Brief:
Among the entries below, only the lines from the one with "ABUS Tectic 496 Frame Lock" through the one with "Halo Filigree Shank" are to be retyped, exactly and without pictures.

Records shown:
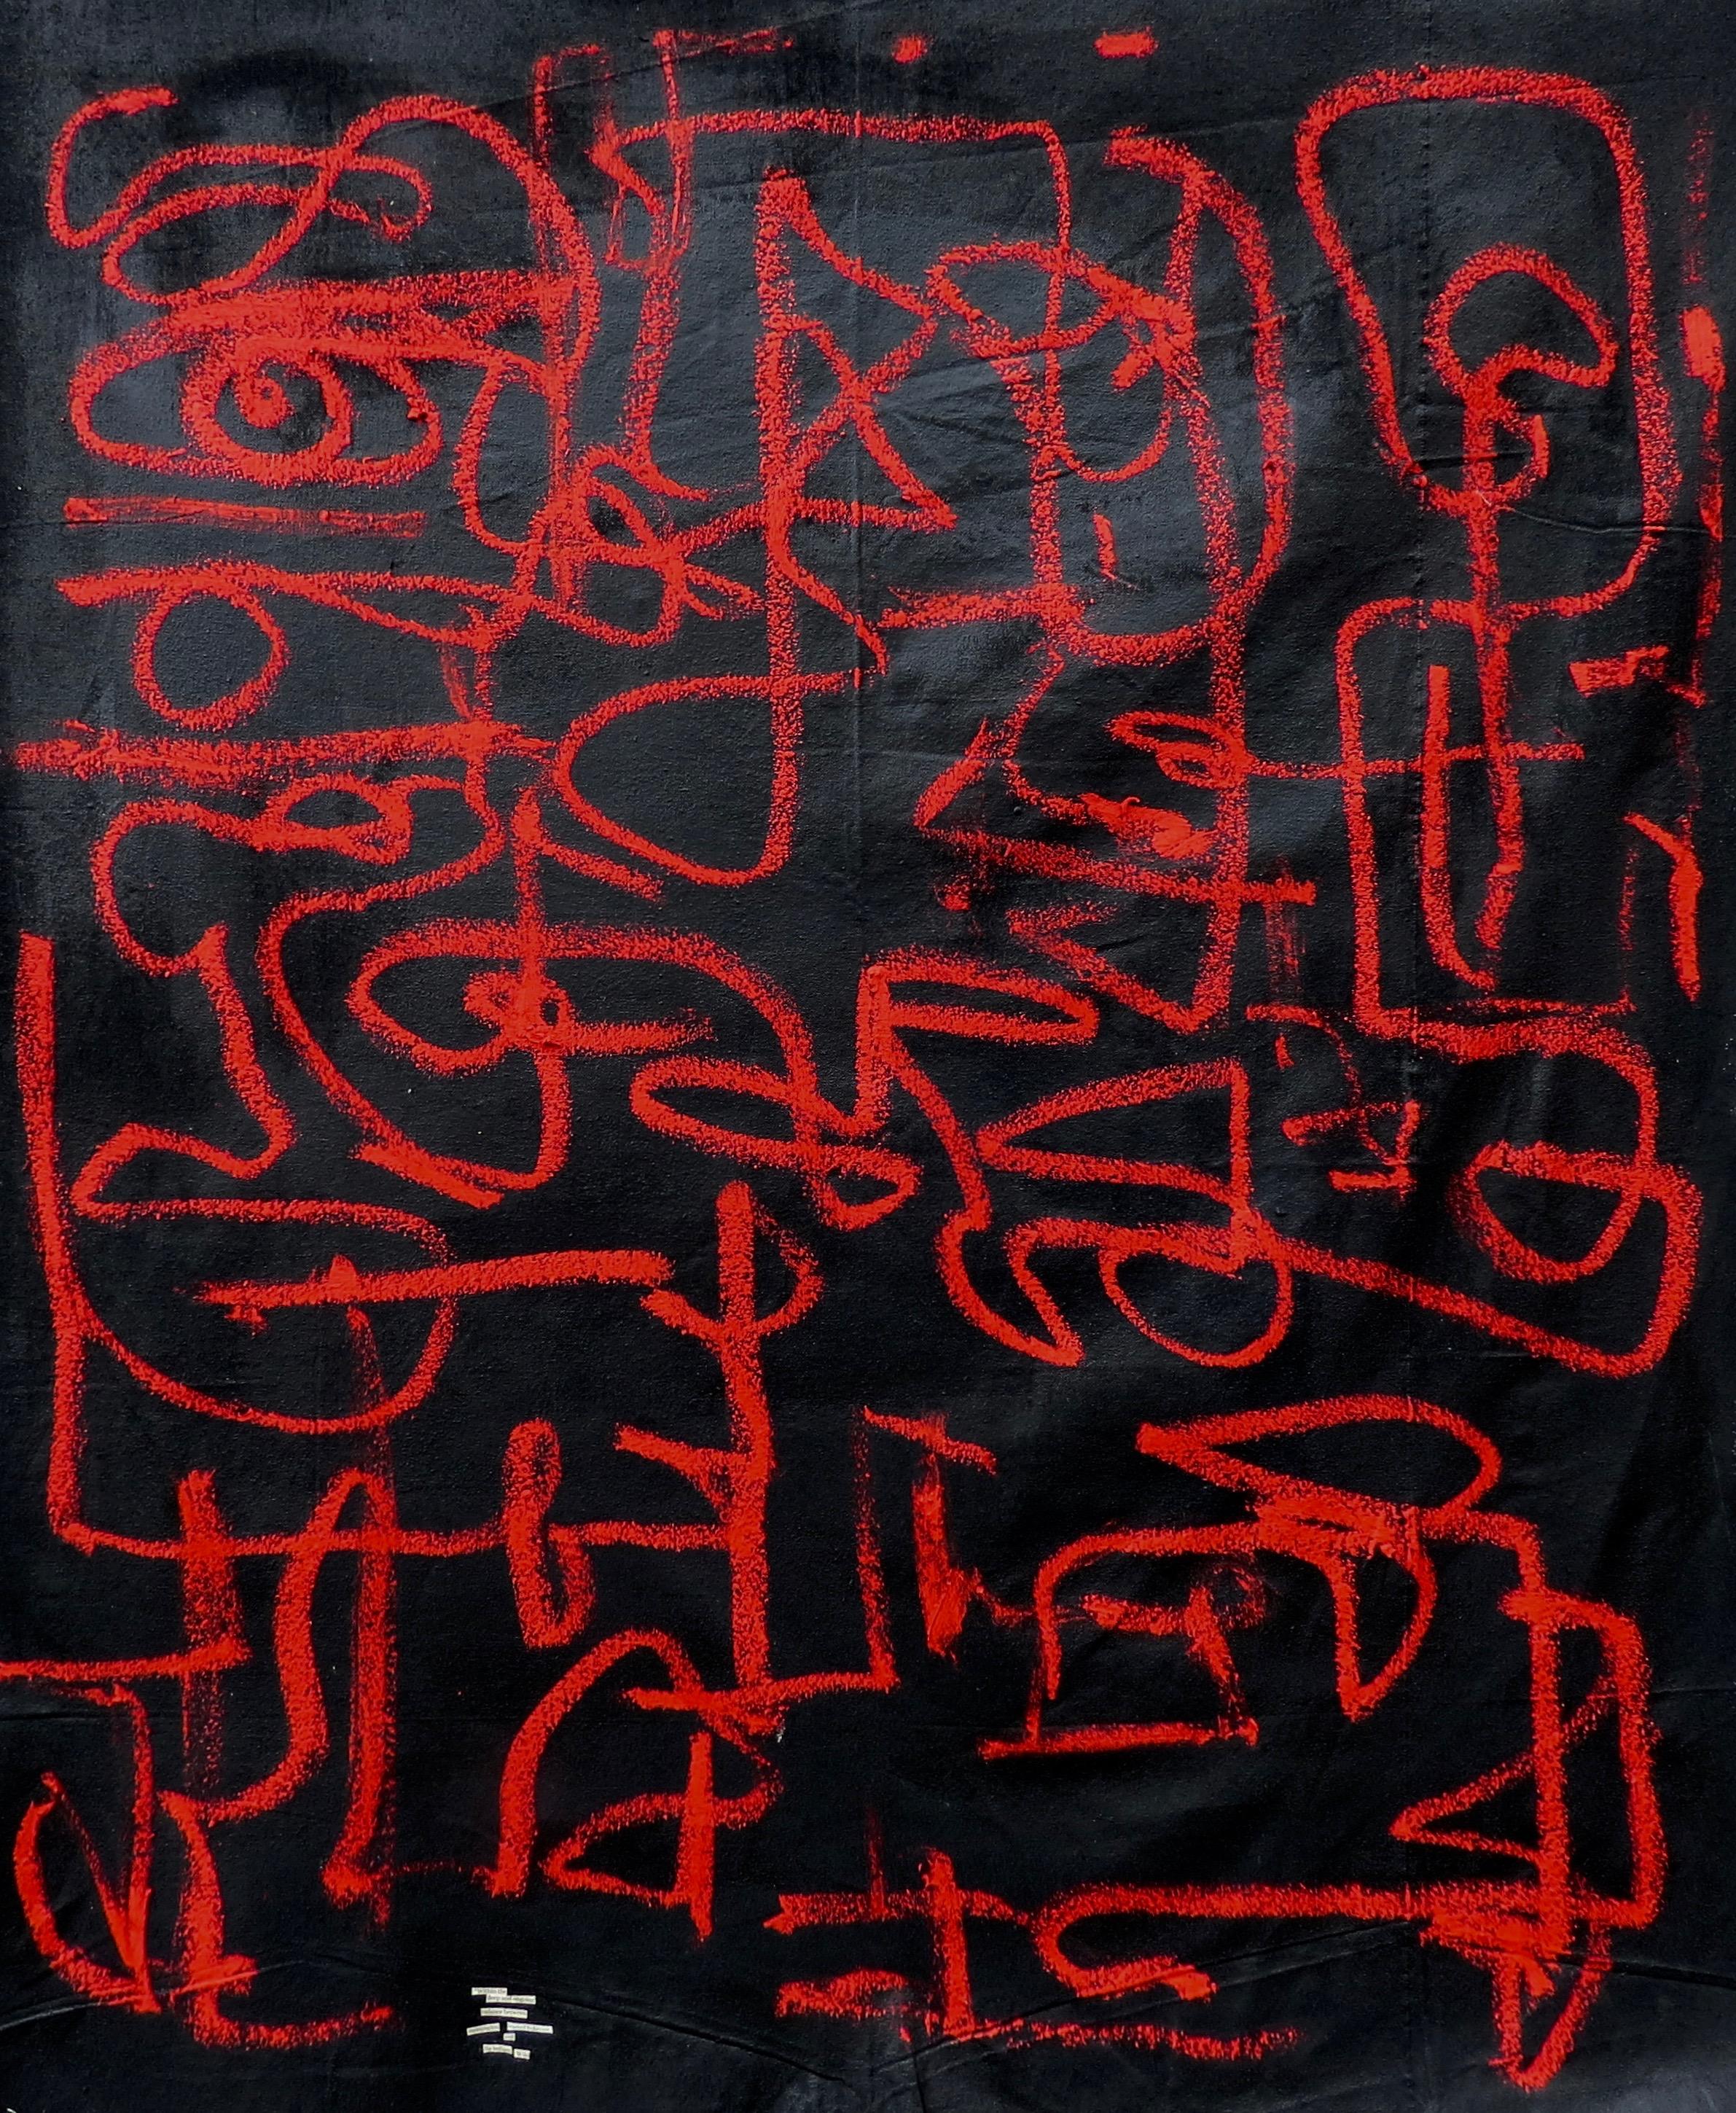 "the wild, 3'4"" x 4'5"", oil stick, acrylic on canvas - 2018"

---

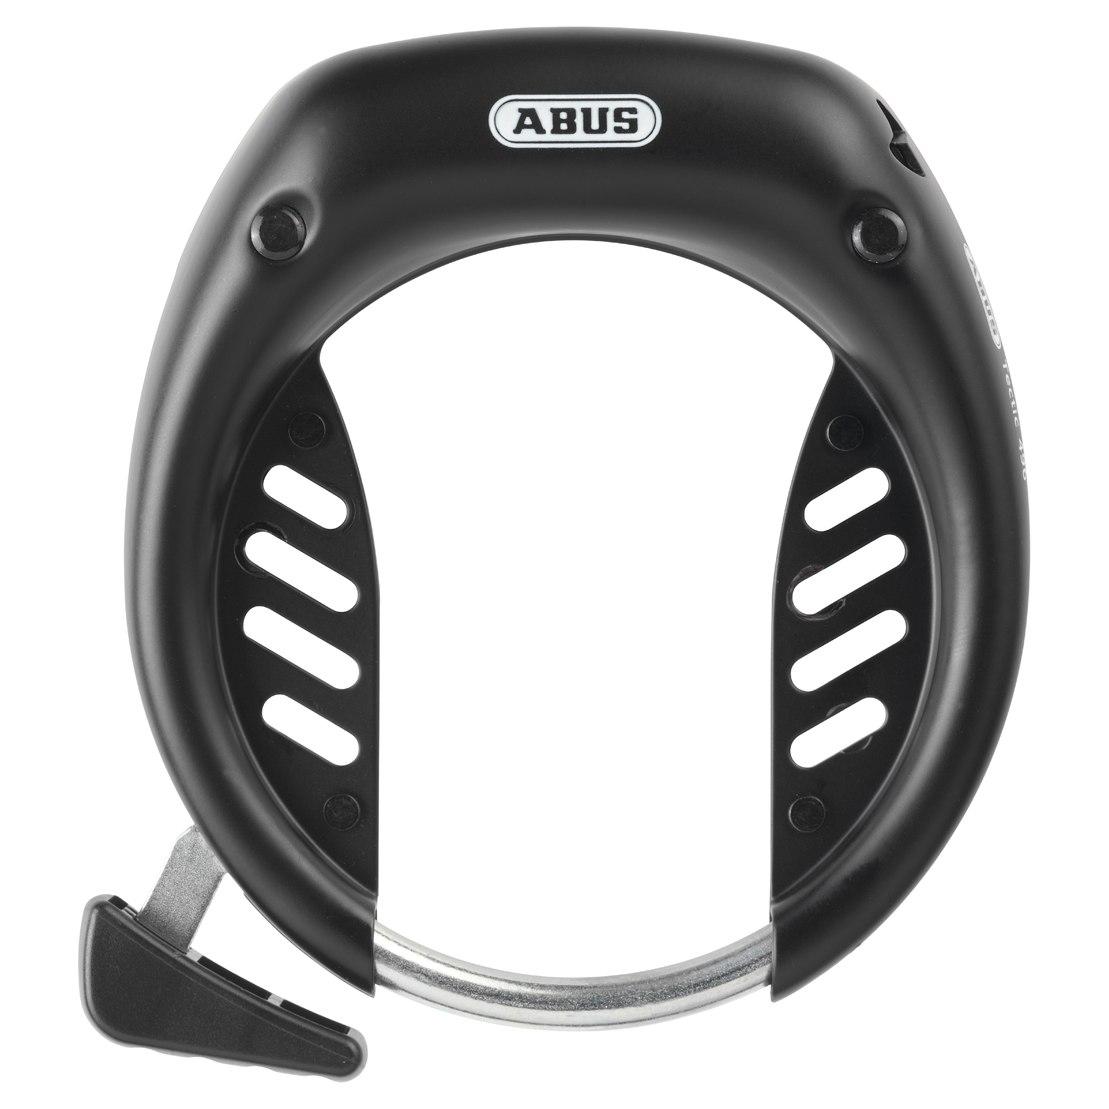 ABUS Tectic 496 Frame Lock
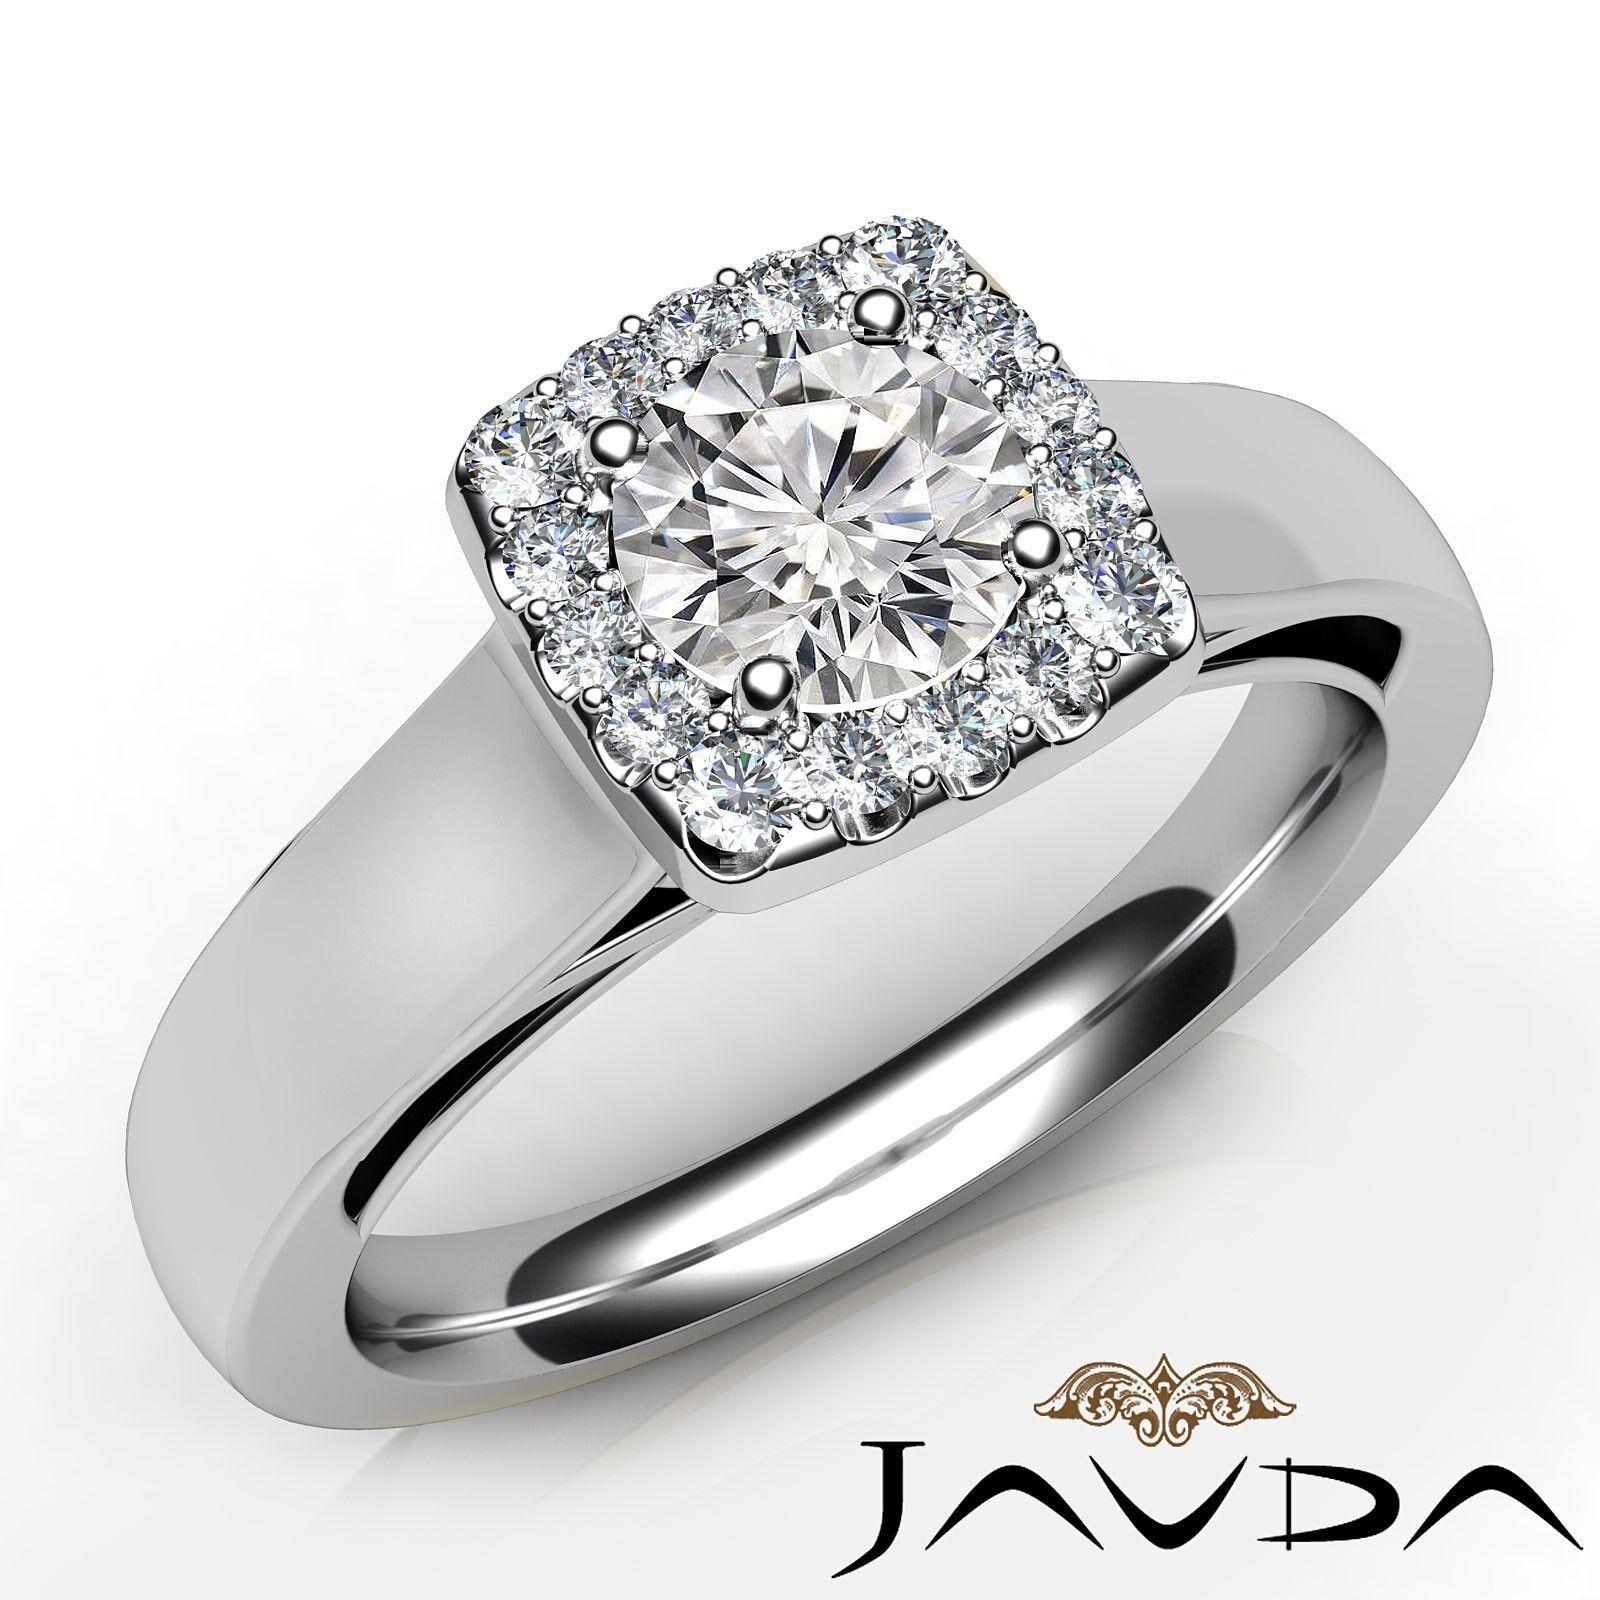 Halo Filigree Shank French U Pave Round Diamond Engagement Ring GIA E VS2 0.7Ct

--

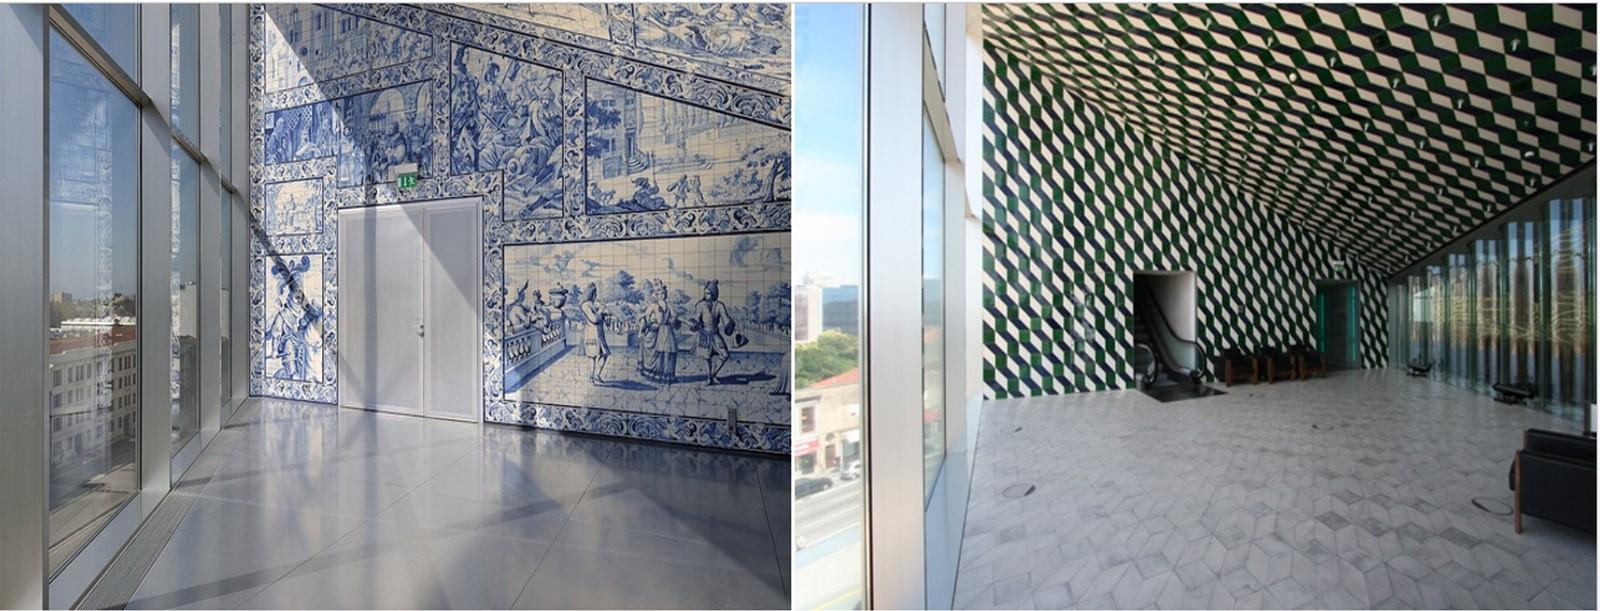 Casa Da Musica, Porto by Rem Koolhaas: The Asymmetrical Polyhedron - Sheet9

Written solution:
 ABUS Tectic 496 Frame Lock
 Halo Filigree Shank French U Pave Round Diamond Engagement Ring GIA E VS2 0.7Ct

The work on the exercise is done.